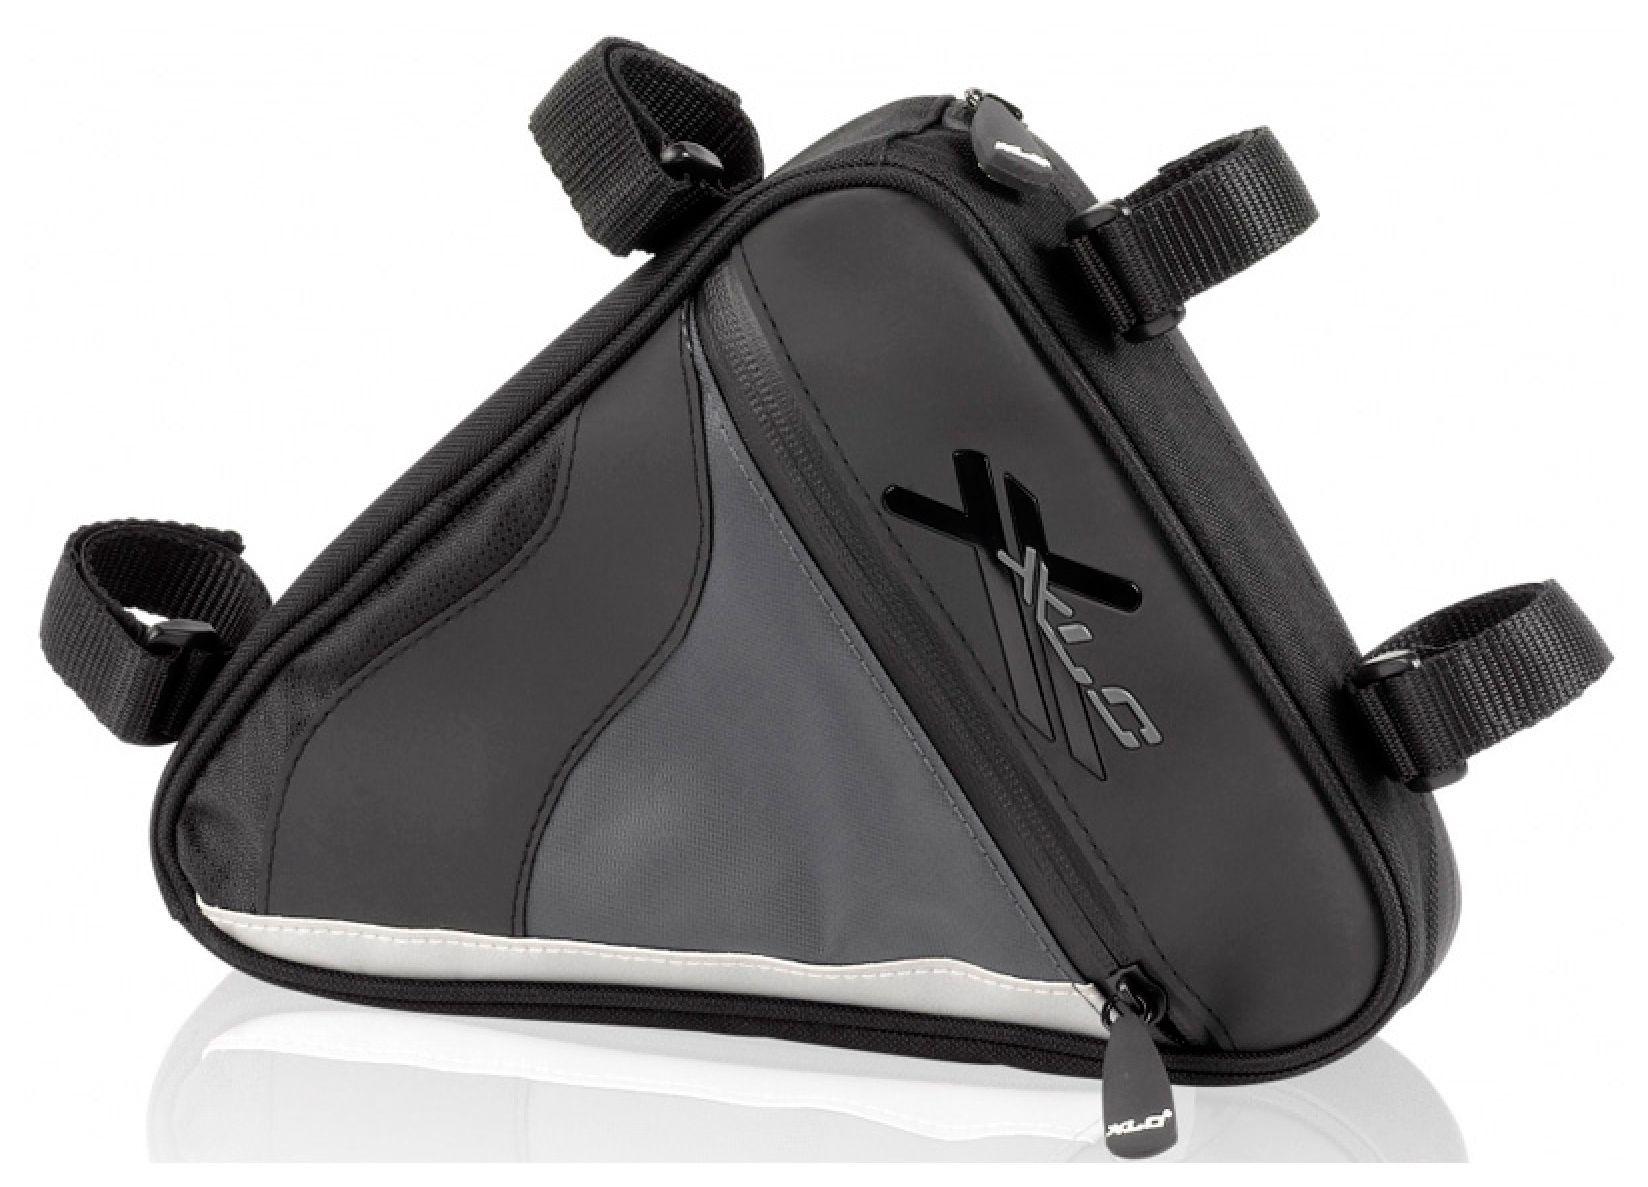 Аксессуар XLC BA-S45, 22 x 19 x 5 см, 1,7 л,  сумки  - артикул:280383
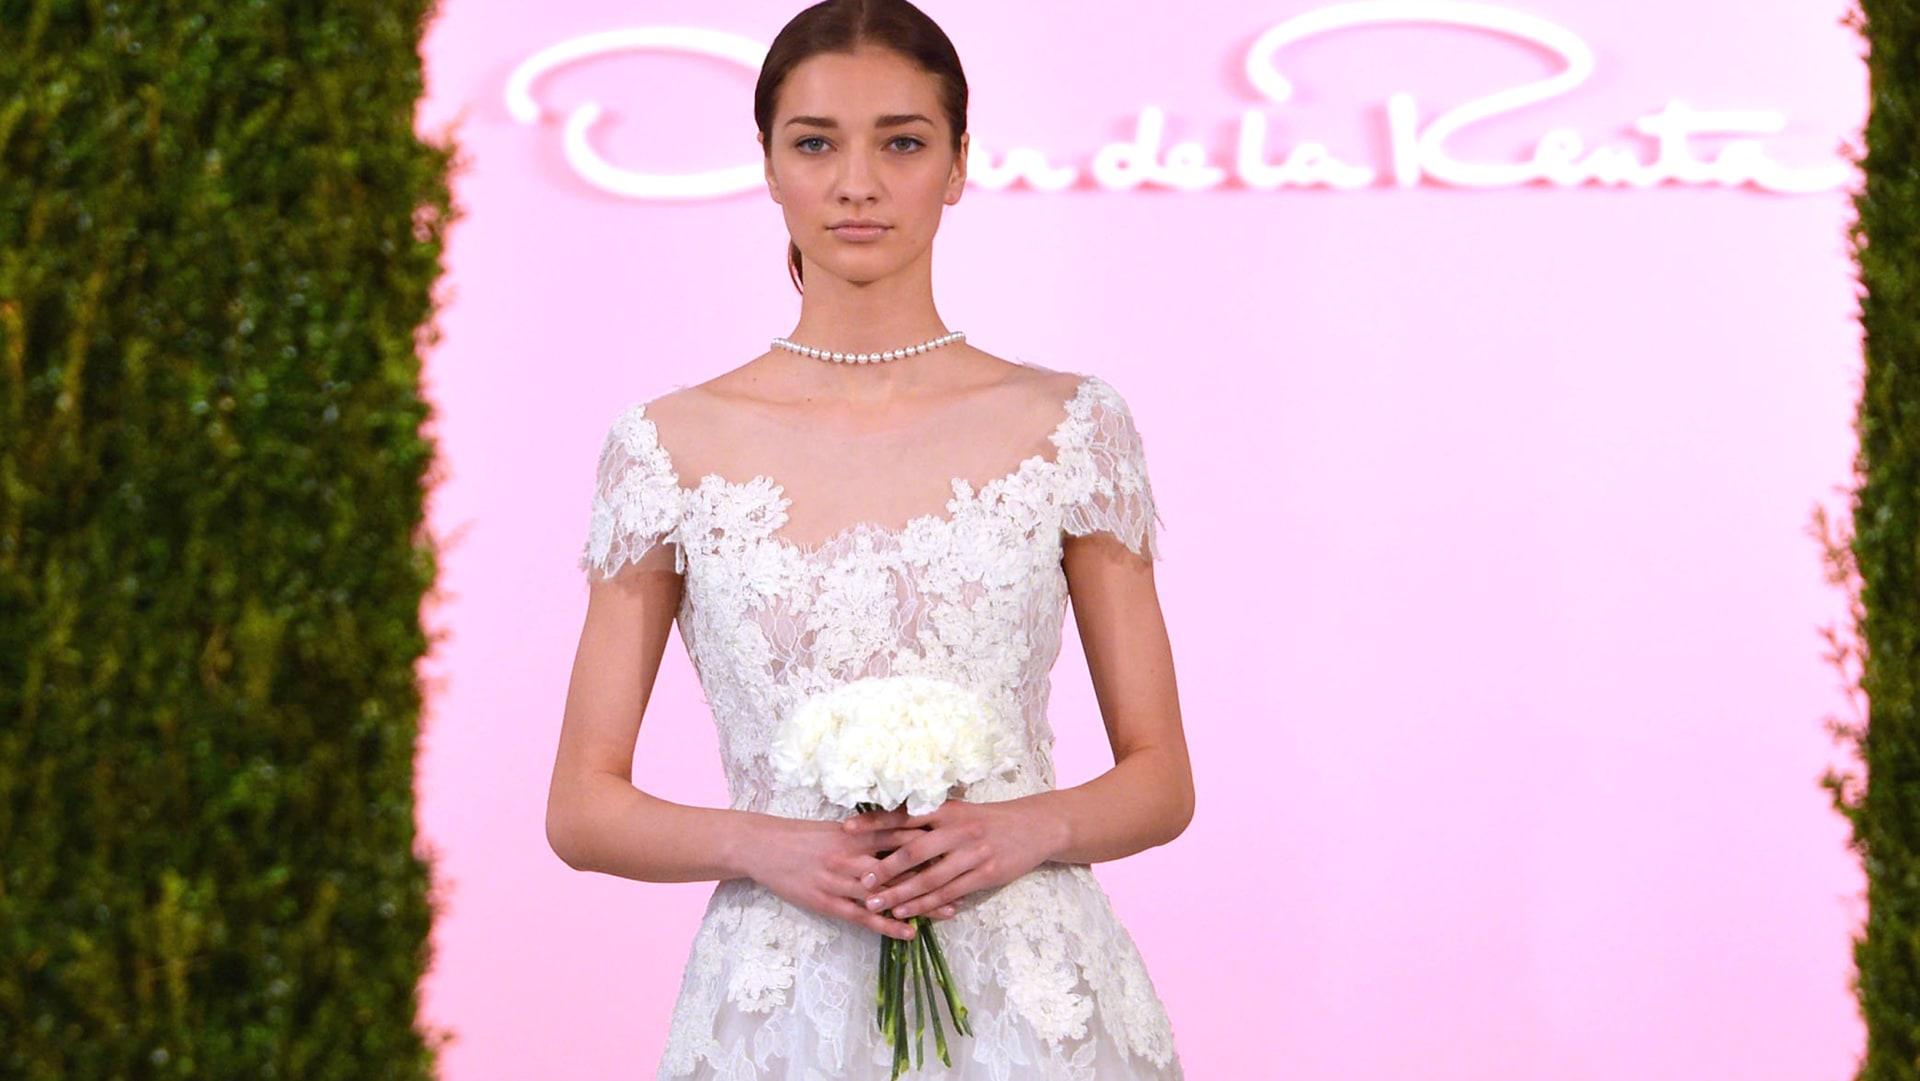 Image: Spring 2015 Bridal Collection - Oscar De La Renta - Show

---

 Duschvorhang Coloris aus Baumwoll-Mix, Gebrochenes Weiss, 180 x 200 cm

Try it:
Write out word for word the lines above that run from the one with "Аксессуар XLC BA-S45, 22" to the one with "Image: Spring 2015". Include both end lines; exclude the images.

Exercise output:
 Аксессуар XLC BA-S45, 22 x 19 x 5 см, 1,7 л,  сумки  - артикул:280383
 Image: Spring 2015 Bridal Collection - Oscar De La Renta - Show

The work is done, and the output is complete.